## [What you are asked to do]
Go through the listing and set it down exactly, leaving out its pictures.
=== Data section ===
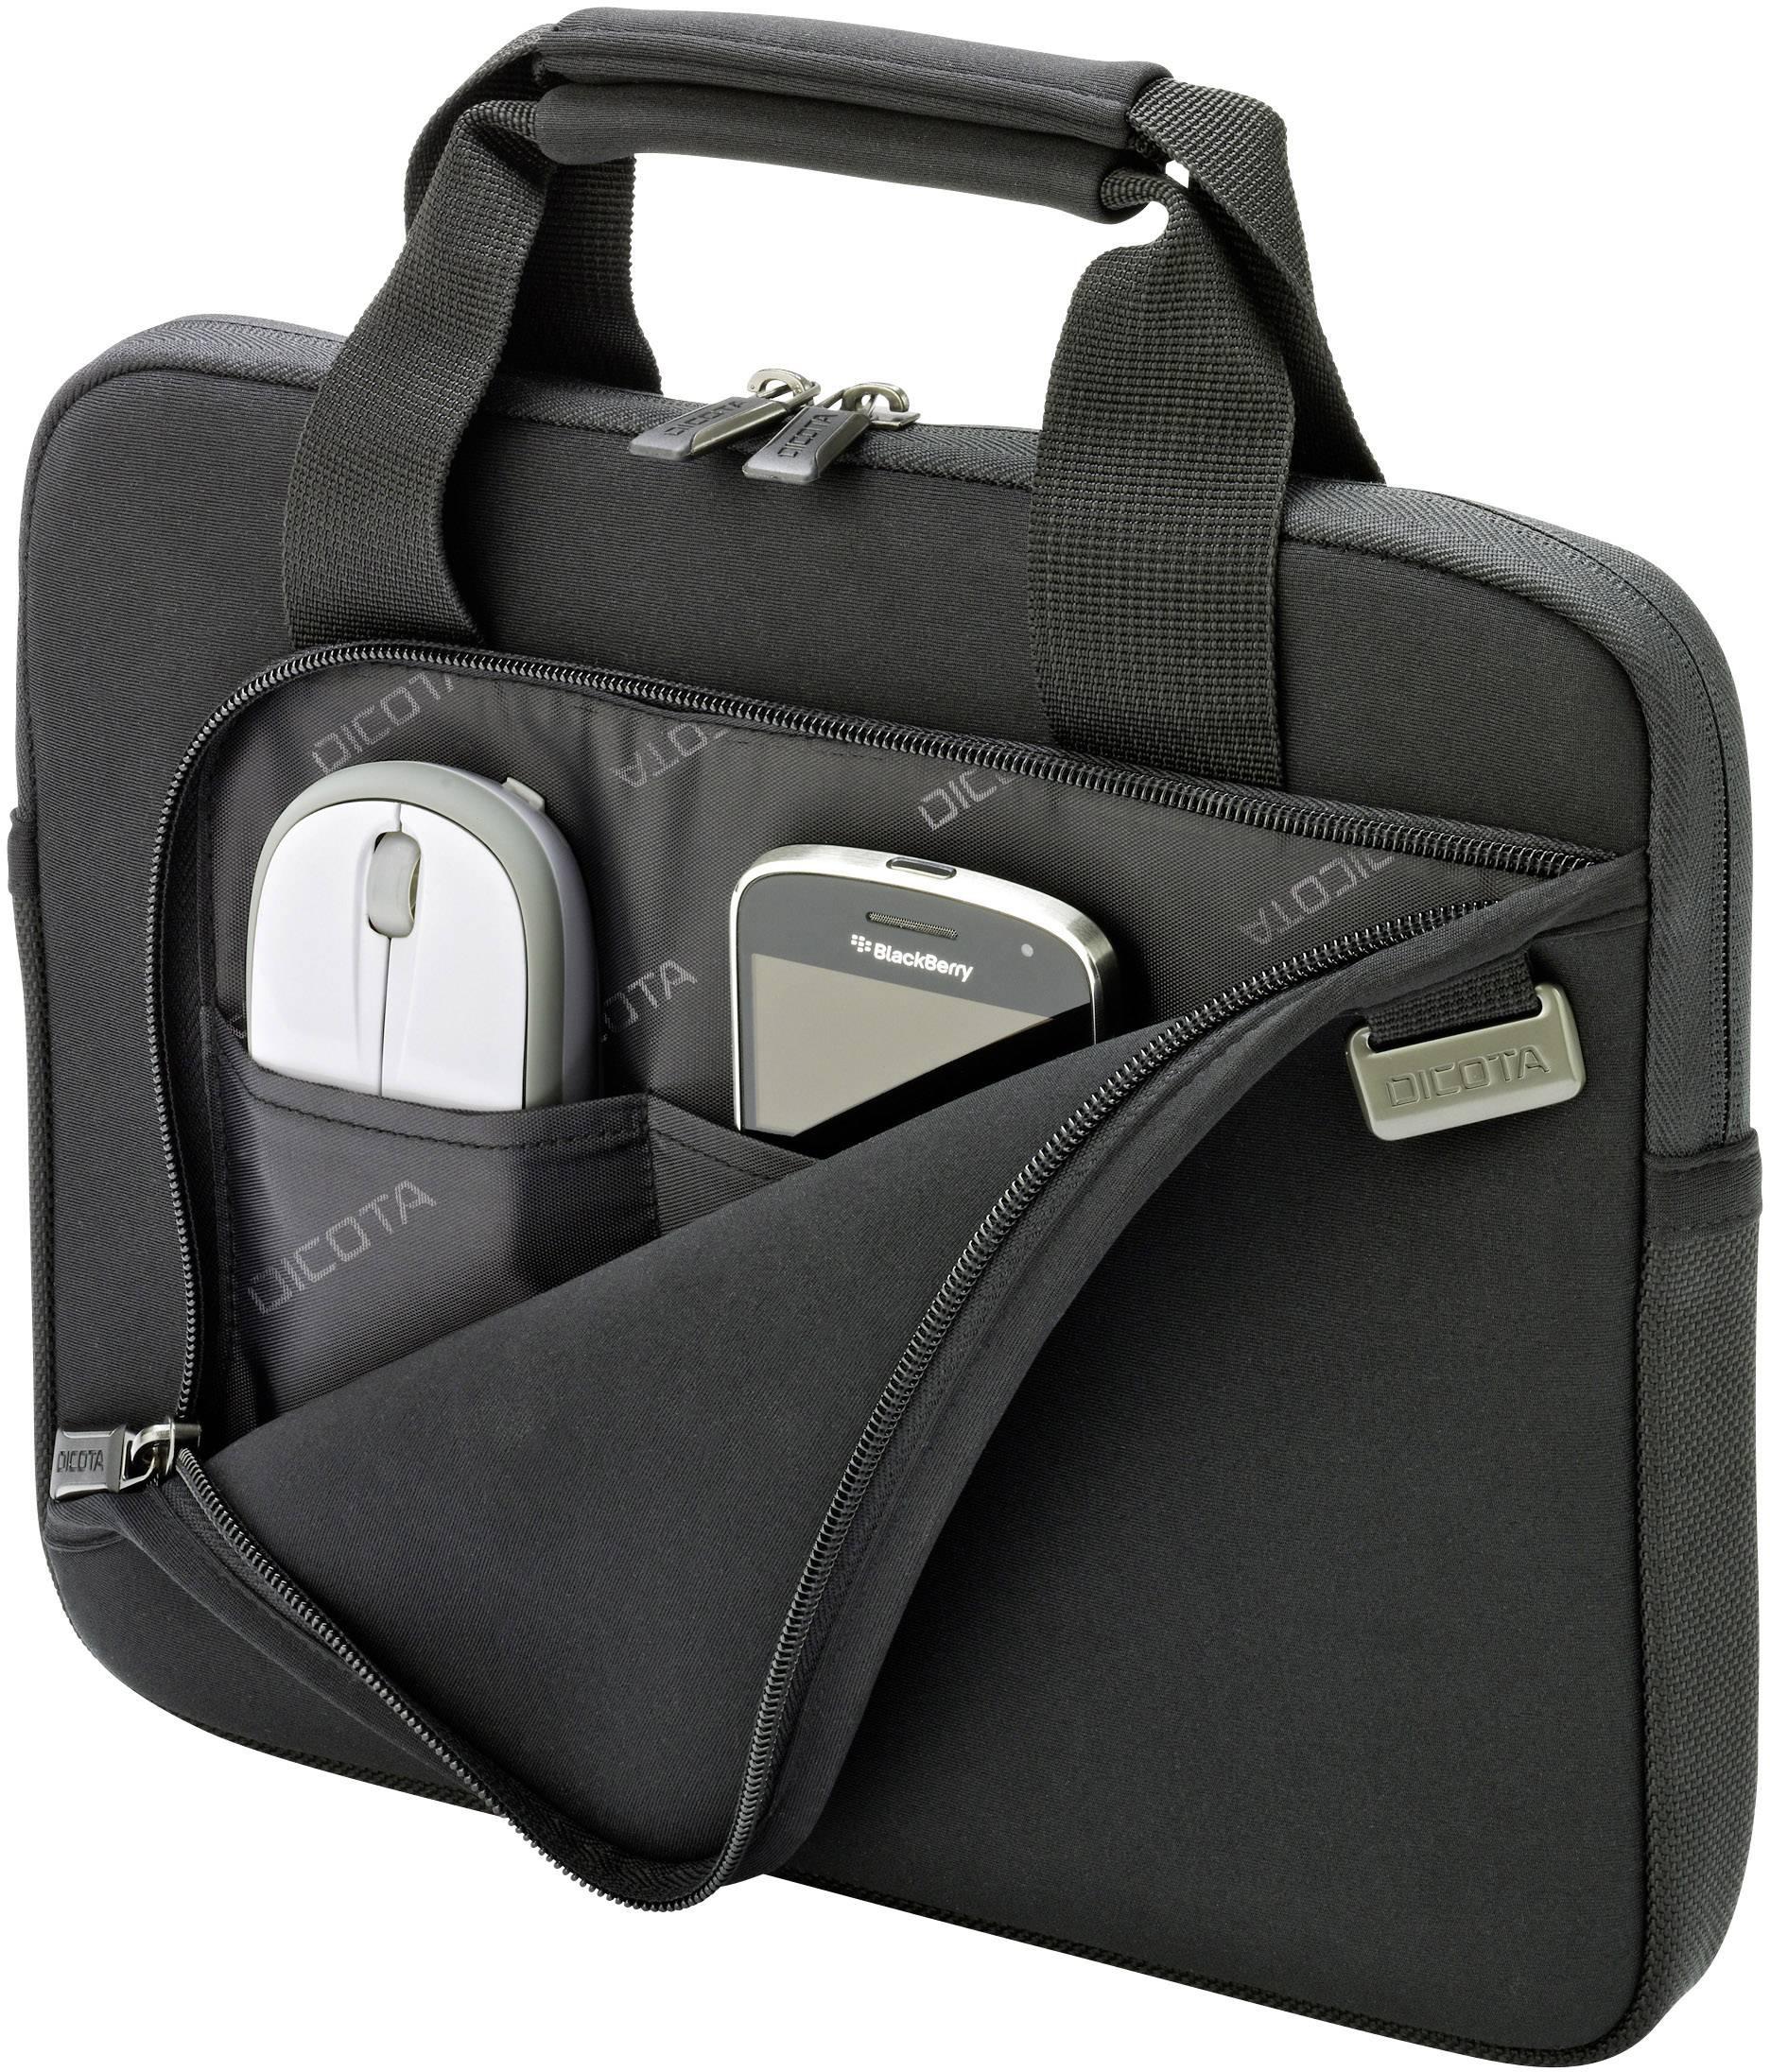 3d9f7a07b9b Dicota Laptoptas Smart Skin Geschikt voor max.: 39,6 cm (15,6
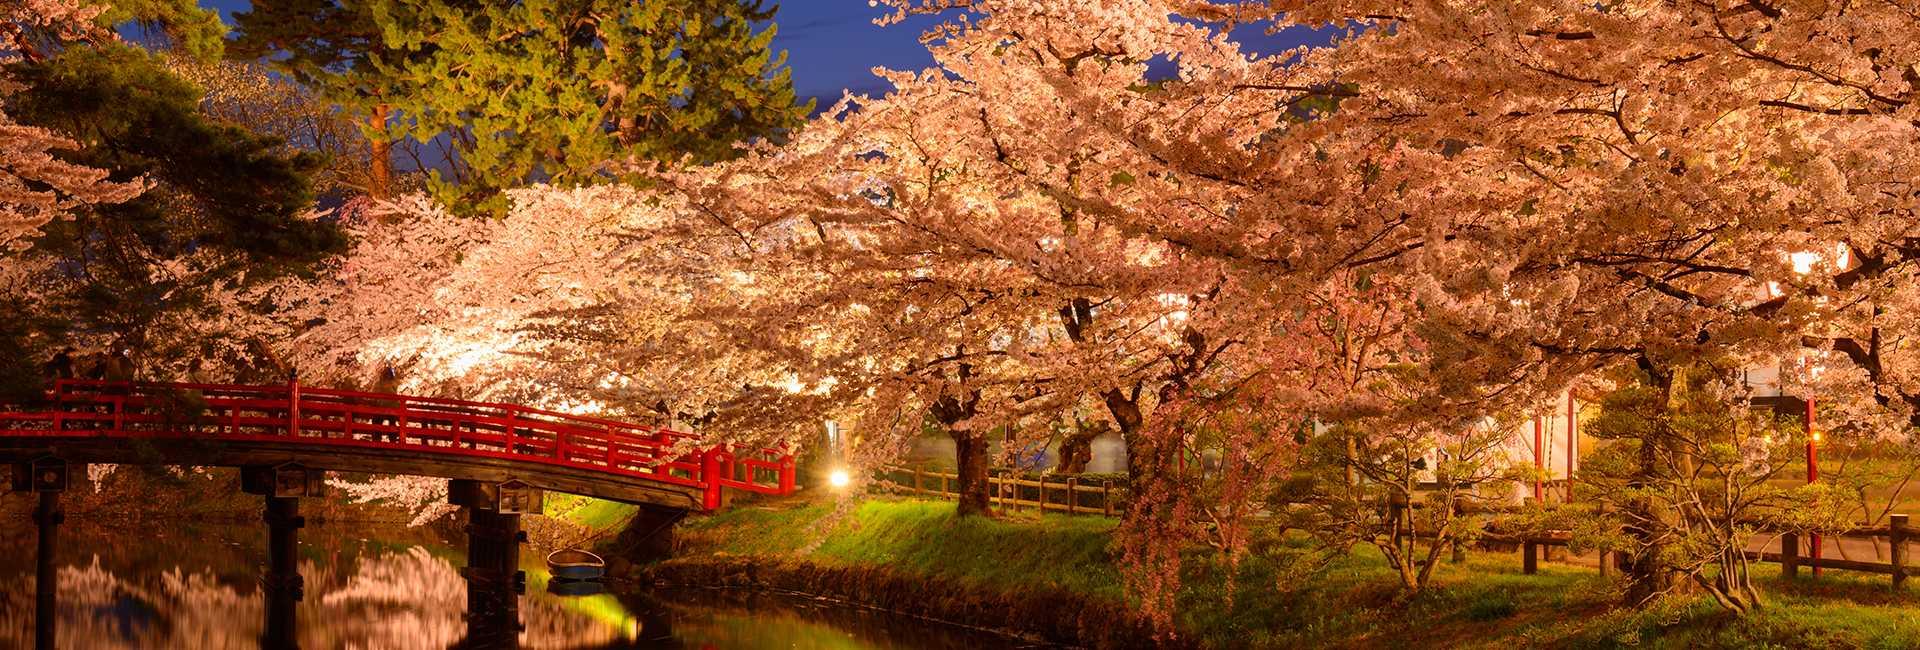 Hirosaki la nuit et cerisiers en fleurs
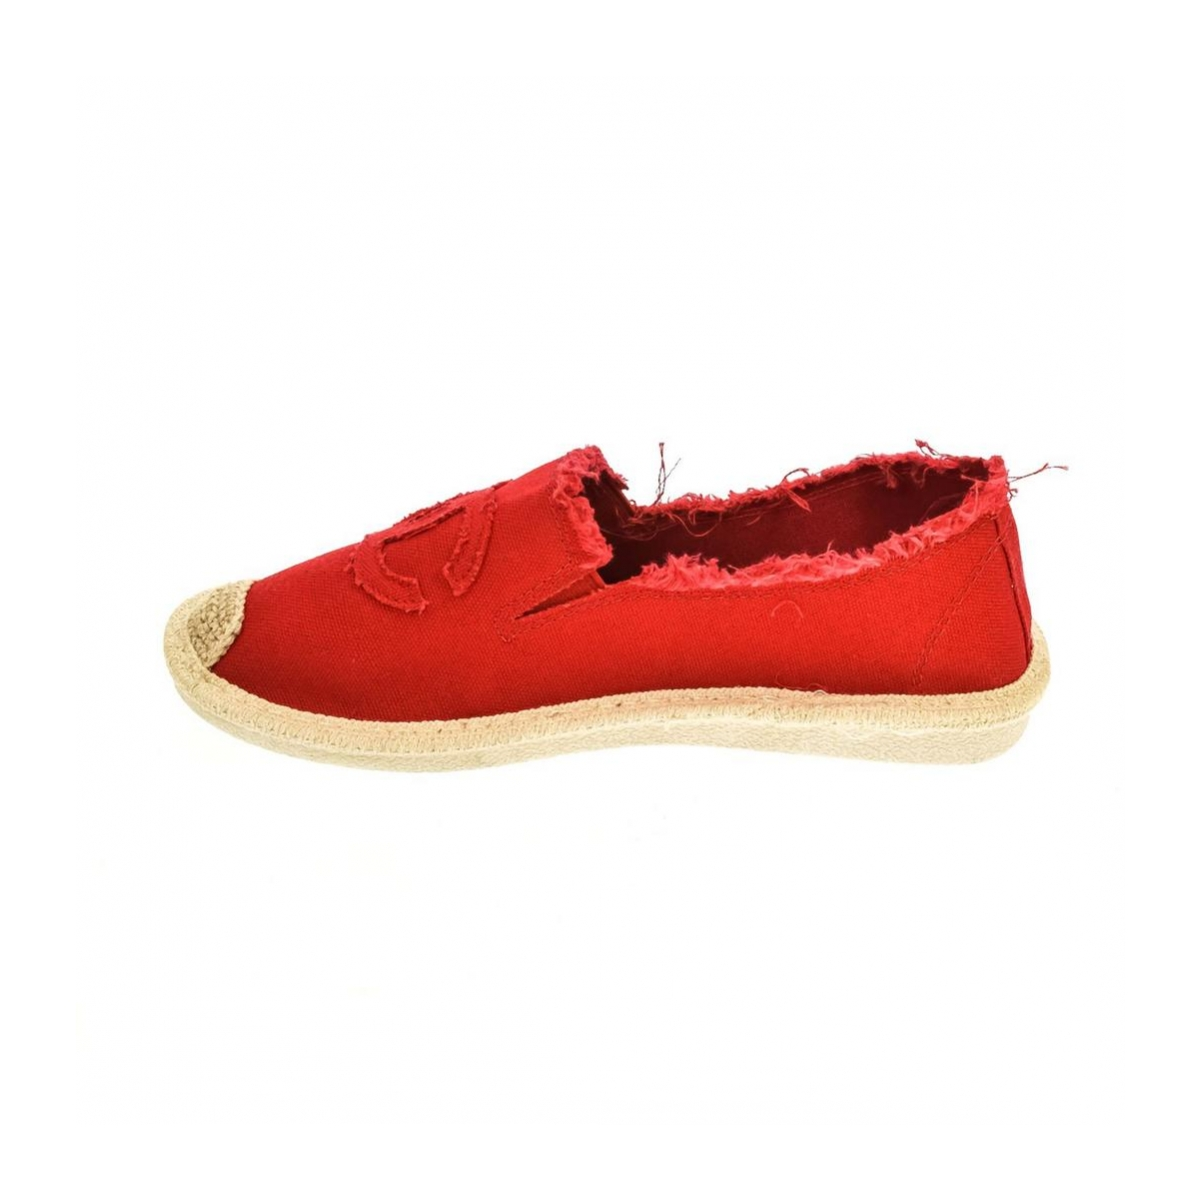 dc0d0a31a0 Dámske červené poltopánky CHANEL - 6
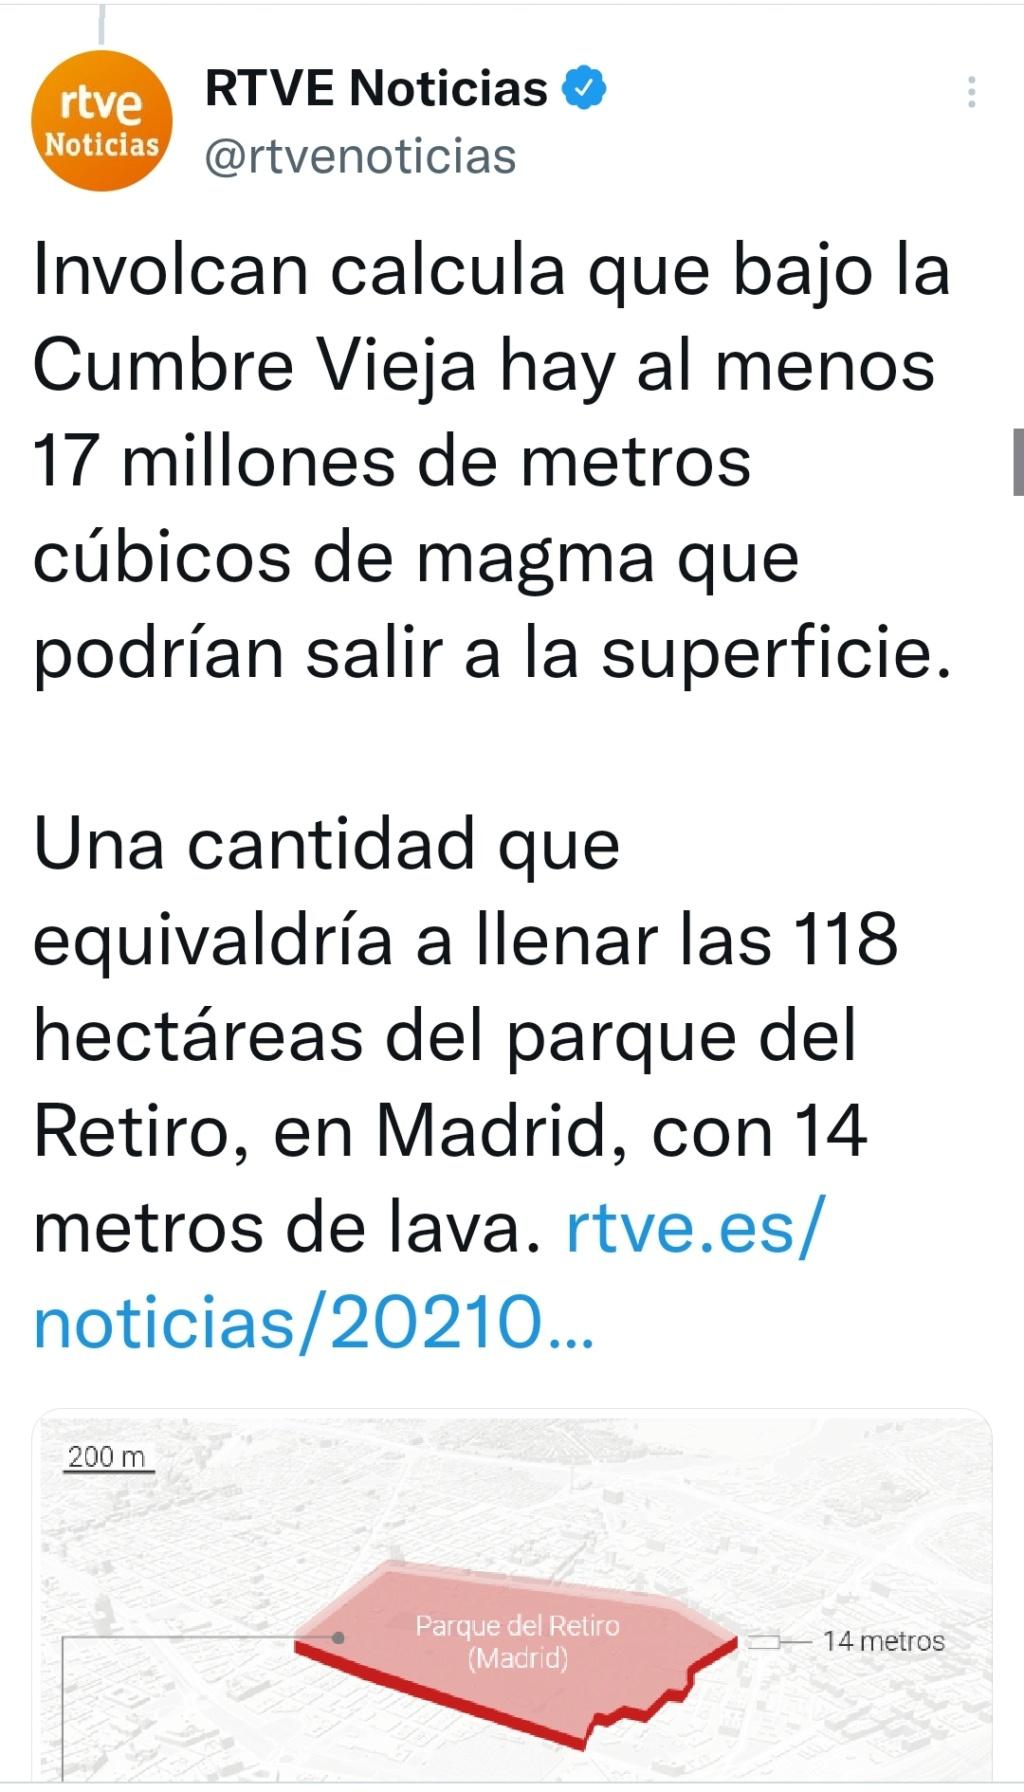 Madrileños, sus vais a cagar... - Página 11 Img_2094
===
## [Exercise output]
 3d9f7a07b9b Dicota Laptoptas Smart Skin Geschikt voor max.: 39,6 cm (15,6
 Hirosaki la nuit et cerisiers en fleurs
 dc0d0a31a0 Dámske červené poltopánky CHANEL - 6
 Madrileños, sus vais a cagar... - Página 11 Img_2094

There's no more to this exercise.